Individual therapy arose simultaneously with ideas about the dyadic relationship between doctor and patient (“therapeutic alliance”). Counseling psychology emerged in the mid-20th century. In the first stages of its development, it was natural to be interested in the reality that the patient faces and which gives rise to problems and troubles that force him to see a doctor. This is where organizational psychology, family psychotherapy, etc. originated. Focusing on the “consultant-client” dyad posed the task of developing norms and rules for their interaction.

Interdisciplinary connections of psychotherapy

Areas of psychotherapy (including advisory) are based on the following branches of psychological science:

  • general, age, children;
  • social, clinical and differential;
  • personality psychology;
  • psychodiagnostics (in particular, testology);
  • counseling psychology.

According to traditional ideas about the psychological influence on a child in the context of successful ontogenesis, we can say that psychotherapy is a set of means and methods themselves designed to create optimal opportunities and conditions for the full and timely development of a growing individual.

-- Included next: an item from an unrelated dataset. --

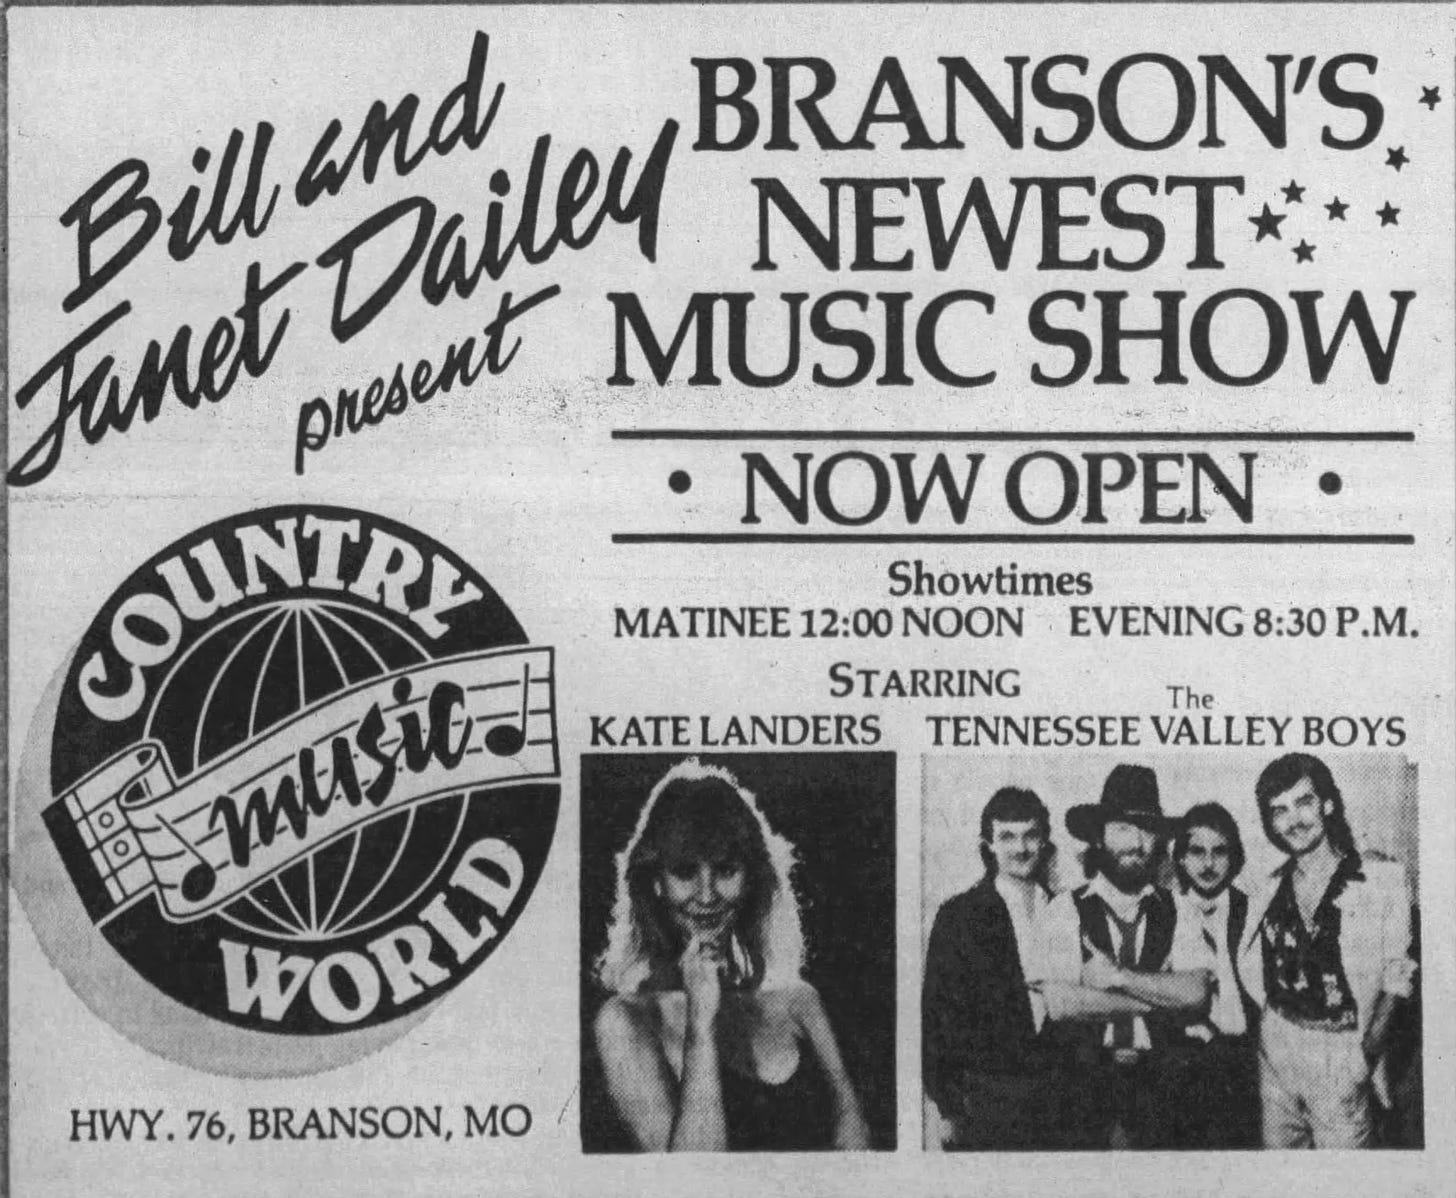 A newspaper add that says: "Bill and Janet Dailey Present, Branson's newest show: Kate Landers and The Tennessee Valley Boys at Country Music World
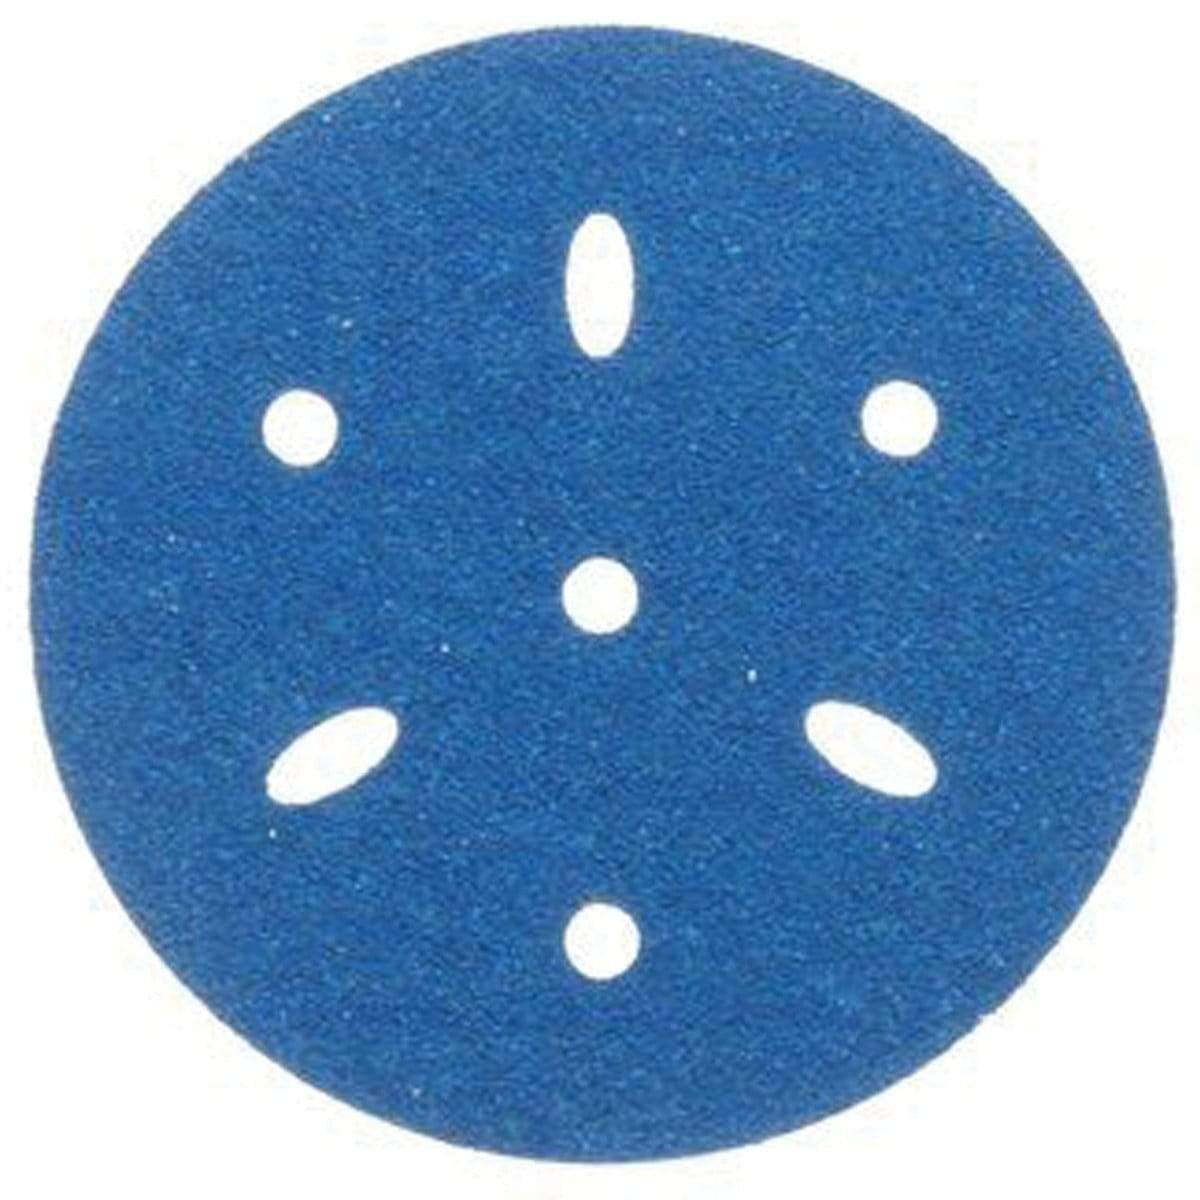 3M Marine Qualifies for Free Shipping 3M Hookit Blue Sandpaper 5" Disc 320 Multi-Hole 50/Bx #36165

In this context, the activities of a specialist are represented by: psychocorrection, psychoprophylaxis, psychohygiene (preservation and strengthening of neuropsychic health), psychorehabilitation.

Counseling psychology as a theoretical and methodological background and direction of psychotherapy

Theoretical and methodological psychotherapy is advisory psychology, that is, a branch of systemic scientific and applied knowledge. As for providing assistance in the form of a conversation, it is usually provided:

  • persons of different ages, including children;
  • parents and teachers on issues of development, training and education.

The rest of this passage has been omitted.